Mobile World Congress 2013 and what it means for Mobile Marketing
13 Mar 2013 | Author: David J.
This year at Mobile World Congress, there was a sense that a new chapter was turned: smartphones penetration had shot past the 50% threshold and tablet penetration has reached 1 in 4 adults in the US. Android and iOS updates, which determine much of nowadays’ user experiences, were challenged by smaller but no less ambitious players, namely RIM, Windows, Ubuntu, and –surprise surprise – Mozilla, which managed to sign up 17 different operators to its Firefox OS. Moreover, countless companies introduced their mobile wallets and payments solutions, and NFC-powered e-ticketing systems. Tons of promising technologies, each with their strengths and drawbacks, as our CEO Mike Wehrs explains in this Mobile Marketer article.

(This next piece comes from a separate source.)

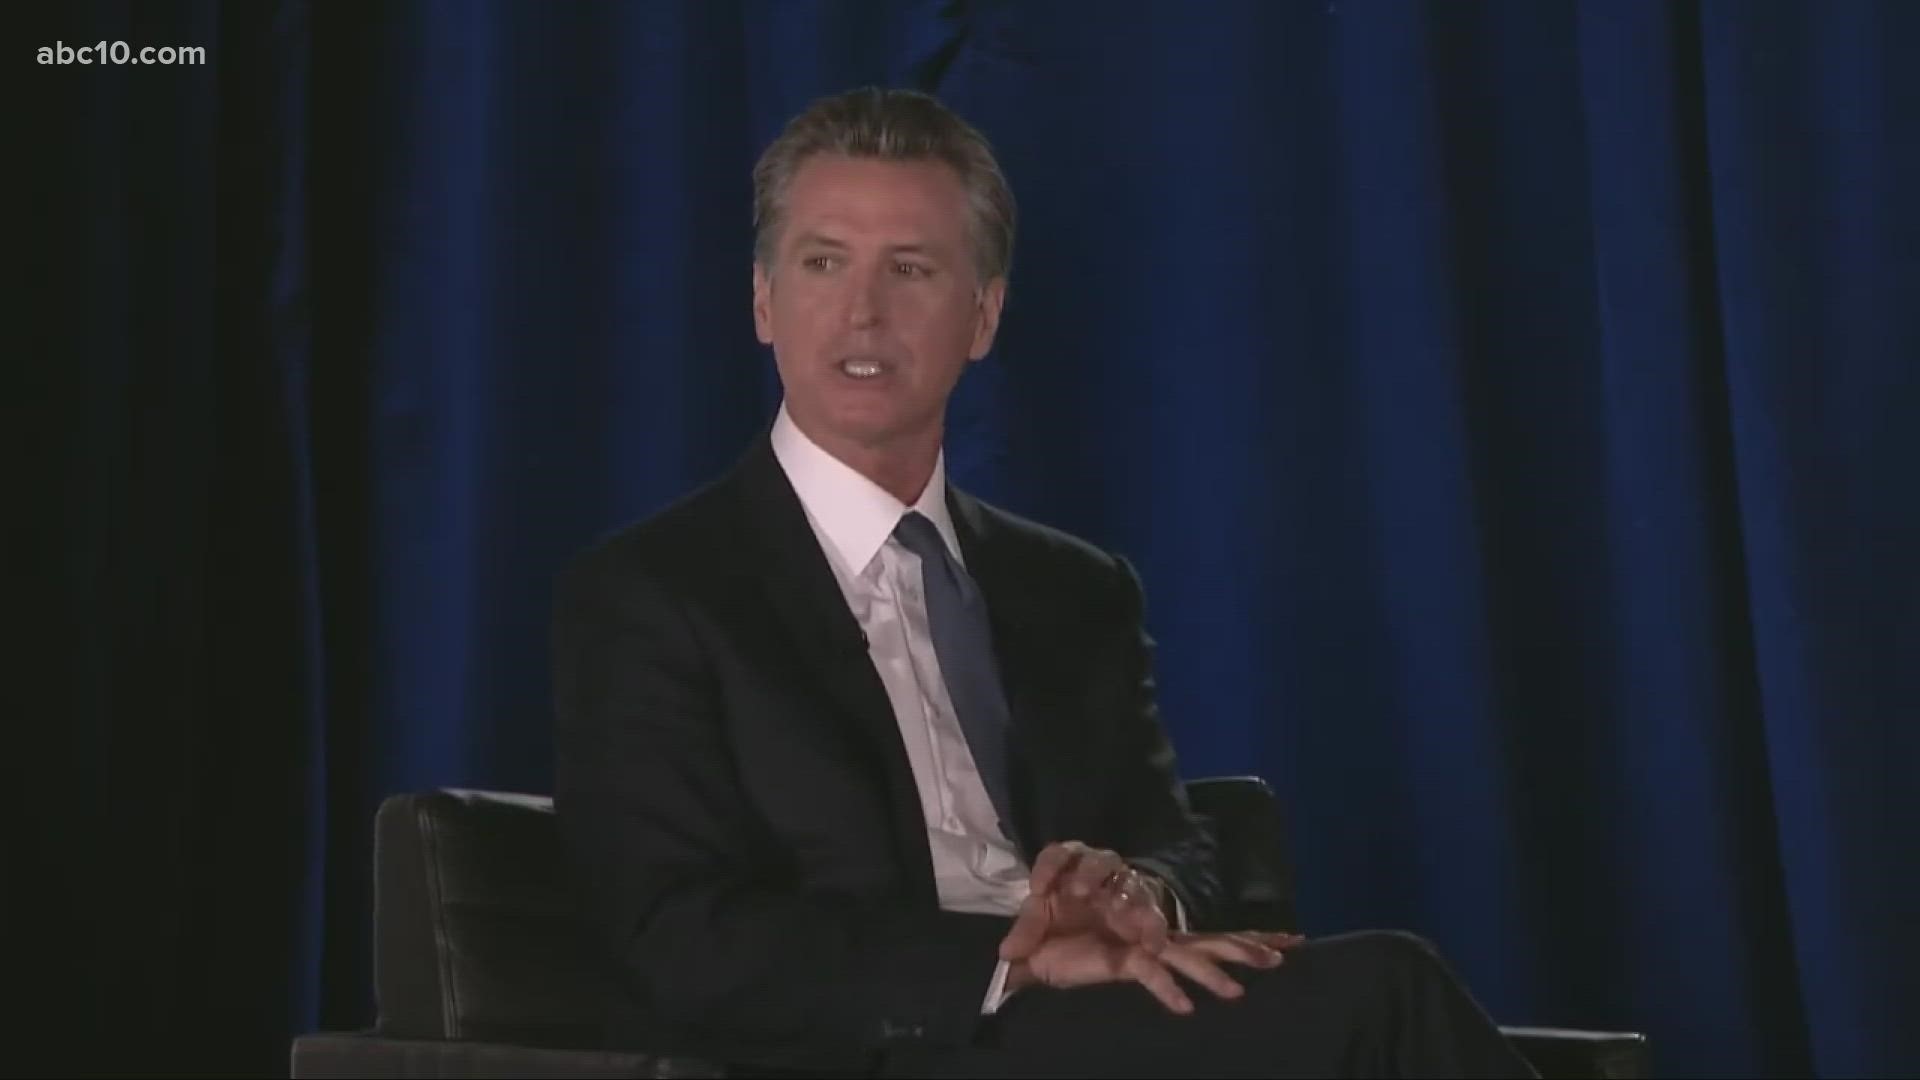 During his one-on-one interview at the summit, Newsom explained his rare hiatus from public view and said he canceled a trip to an international climate conference.

Clearly, the mobile landscape has entered the mass consumption phase: for consumers this means that a world of choices is about to open up to them. For the 72,000 visitors who swarmed the Fira Gran Via in Barcelona, it meant that the stakes were higher than ever.
For marketers however, this is a double-edged sword: on the one hand the majority of people now interact with, and can be reached through their mobile devices. On the other hand, when targeting their audience, they will have to factor in the increasing diversity of behaviours and touch points, underpinned by the multiplication and ubiquity of these mobile technologies.
In some ways, this mobile technology boom is akin to the television boom of the early 2000s, when the multiplication cable TV channels, each focusing on a theme, meant that marketers could more easily identify and target specific segments. It also meant that they could no longer broadcast an advertisement confident that it would reach a wide audience.
Sure, many of the technologies on display at Mobile World Congress will take months, even years to take on; and many will disappear almost as instantly as they appeared on stage.
Regardless, mobile as a marketing channel has been propelled from “nice-to-have” to “must-have” grade.
The good news is that when it comes to execution, mobile engagement campaigns follow the same principles (i.e. call-to-action, context based and value-adding content, etc. For a detailed review of mobile engagement principles and best practices, click here) regardless of the technology. We therefore strongly believe that mobile engagement platforms which can process any digital triggers (QR Codes, NFC, images, etc.) allow marketers not to be distracted by continuous shifts in the technology landscape, while preparing them for tomorrow’s challenges.